Sakai: The relationship was that Mitsubishi Electric incorporated JAXA’s basic algorithm into its software. JAXA looked over the software independently and asked for several adjustments, saying things like, "There are some pesky elements in the lunar environment, so we need you to tweak this bit."
I feel like the success of this project relied on the great relationship we have with Mitsubishi Electric and the constant efforts we made communicating back and forth.
Stellar performance renewing Japan’s sense of presence
- What kinds of possibilities does the success of this pinpoint lunar landing open up for the future?
Kuninaka: If we continue developing the technology behind pinpoint landings, we could increase the size of the lander and start a service delivering supplies up to the lunar surface. That’s an area where the private sector, rather than JAXA, could take a leading role.
- A private U.S. company has been constantly in the news after they landed on the moon in February of this year. How do you think this pinpoint landing will affect Japan’s global presence?
Kuninaka: The scope of what any single organization can accomplish alone is extremely limited, so as humanity’s space activities expand, large-scale, international cooperation is becoming an integral trend. Without any sort of special area of expertise or technology, however, it’s hard to get the sort of international respect that makes people say, "Let’s leave this bit up to Japan."

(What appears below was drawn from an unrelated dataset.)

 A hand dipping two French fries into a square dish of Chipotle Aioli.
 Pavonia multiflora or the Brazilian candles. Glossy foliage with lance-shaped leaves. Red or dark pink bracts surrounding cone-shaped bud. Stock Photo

By building the probe entirely independently in Japan, JAXA’s unique expertise has made an impression both at home and abroad. In that sense, it opens up opportunities for future international collaborations.

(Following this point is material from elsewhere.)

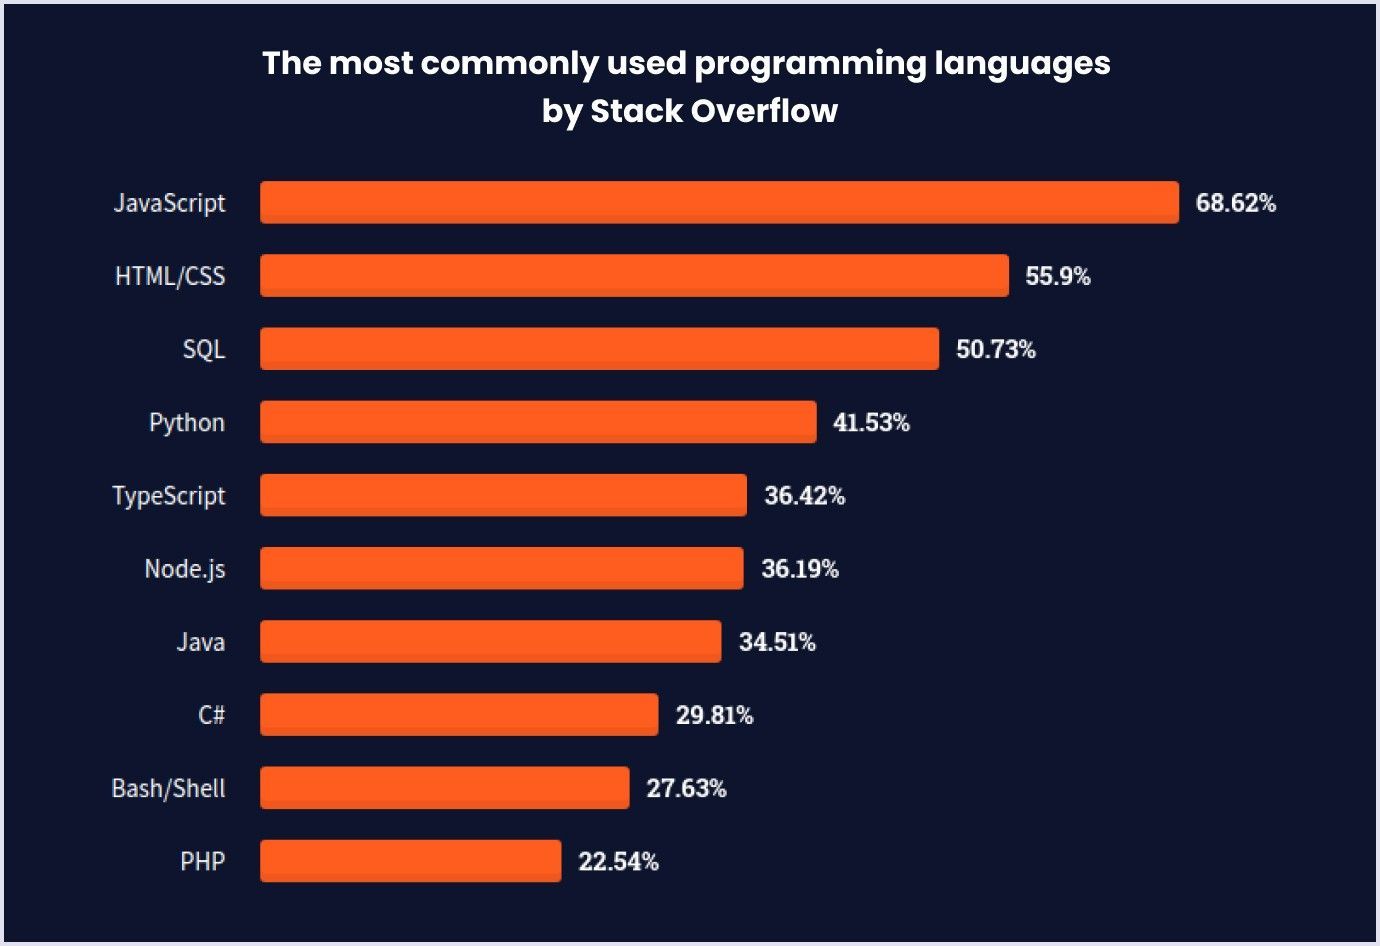 JavaScript as the most commonly used programming language by Stack Overflow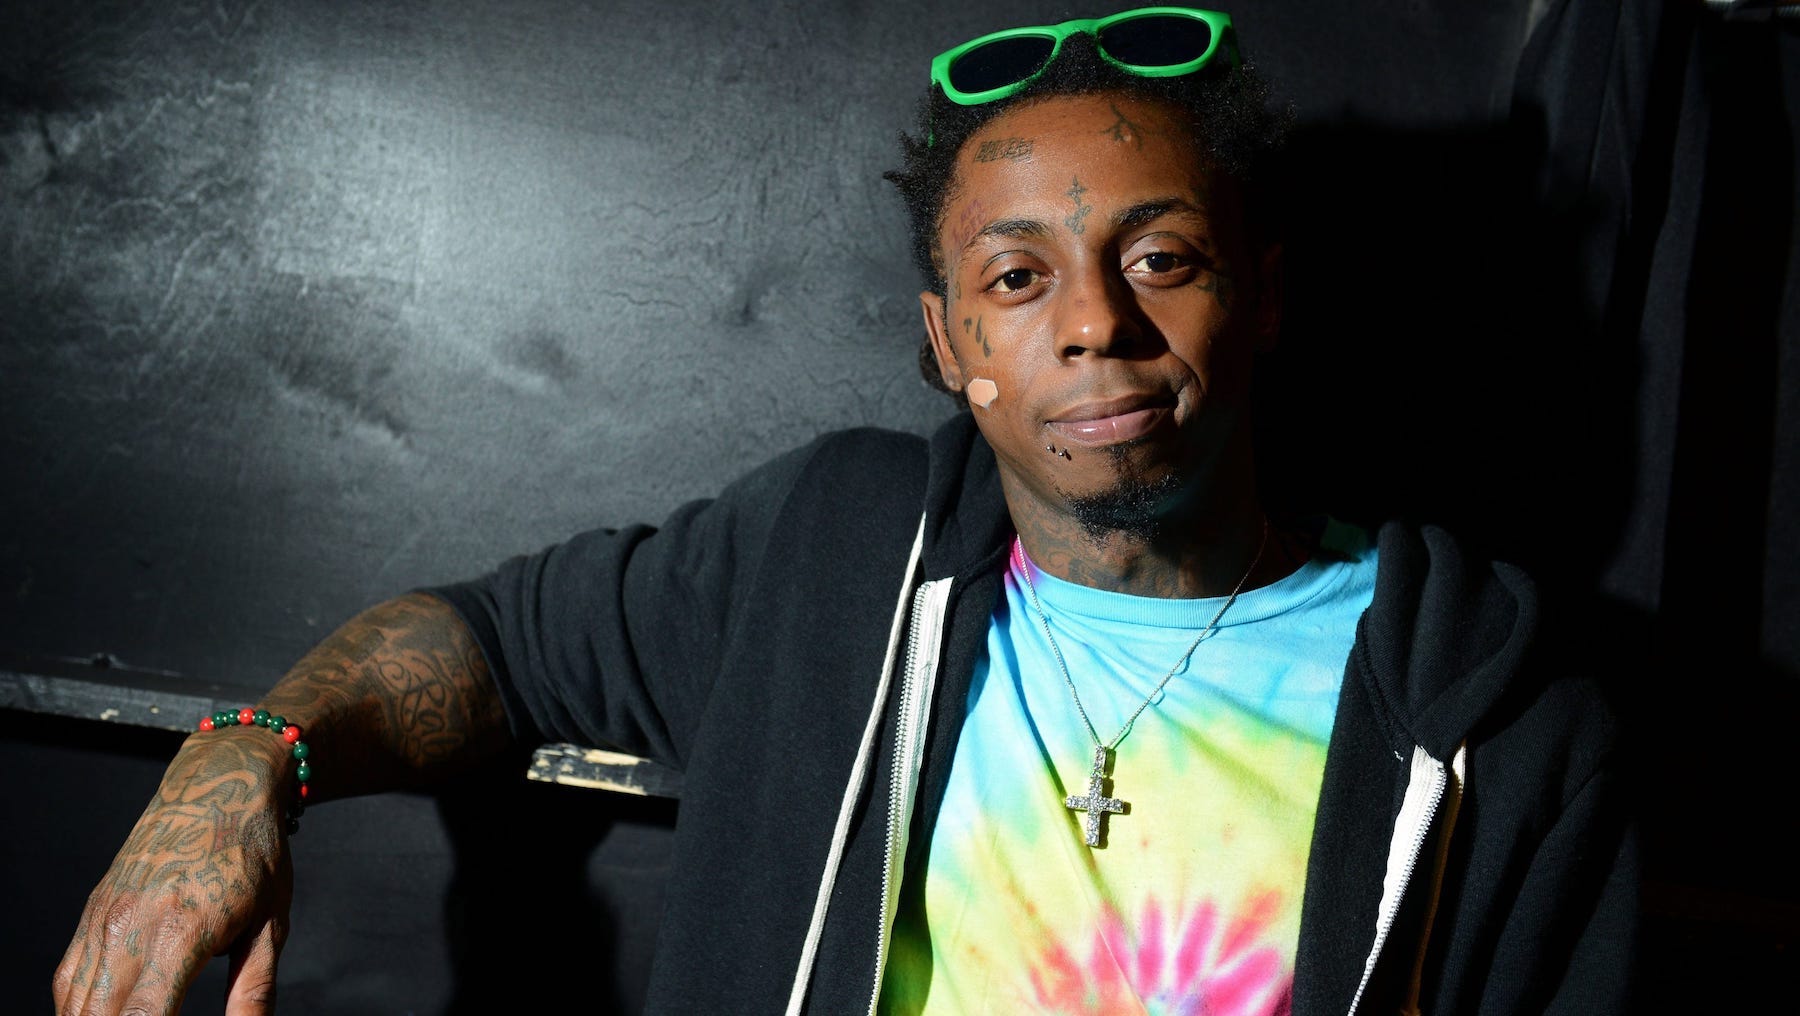 Lil Wayne was officially pardonded before Trump's presidential term ended. What does this mean for the rapper's net worth?

Ishikawa: For a few years now, the mainstream of space exploration has been the Artemis program, an international joint exploration project led by the United States. Countries have been working together in all sorts of ways to explore the Moon and Mars.
The first step is to achieve a pinpoint landing on the lunar surface and explore the area exactly the way you want. Then we can establish bases for exploration, both manned and unmanned. Once we’ve established a manned station, we’re hoping that human beings will be able to stay up there for longer periods, and many kinds of economic activities can be created and progressed.
The technology behind SLIM allows us to go where we want to go, and that’s an essential foundation in building a series of steps in international cooperation that will lead us to lunar surface exploration and the establishment of a base. Mitsubishi Electric is proud to have contributed to a significant advance in space exploration.
- After the moon, Mars is next, with the Martian Moons eXploration (MMX) project set to explore the Martian moon of Phobos scheduled to launch in 2026. Mitsubishi Electric will be responsible for developing a space probe that’s a follow-up to SLIM.
Kuninaka: We don’t have concrete plans in place yet, but the next phase coming after a lunar transport service may well be a Mars transport service.
MMX is going to be an important foothold in bringing about future human activity on Mars. Very much "Japan’s own Artemis." I believe we’ll be exploring that path together with Mitsubishi Electric.
Ishikawa: It’s quite a challenge for us as well.
We believe that there’s nothing more important than focusing on the success of every single mission like SLIM and MMX, which are challenging, and building solid heritage and trust in technologies as well as capabilities for space exploration under the current international cooperations as we go.
Seeing this through will not only contribute to the autonomy and competitiveness of Japan’s space exploration activities, but such challenges will also lead to further advancements in the technologies for satellite systems orbiting earth and to the expansion of our own business overall in space.
We will continue exerting every effort possible to make such a future a reality.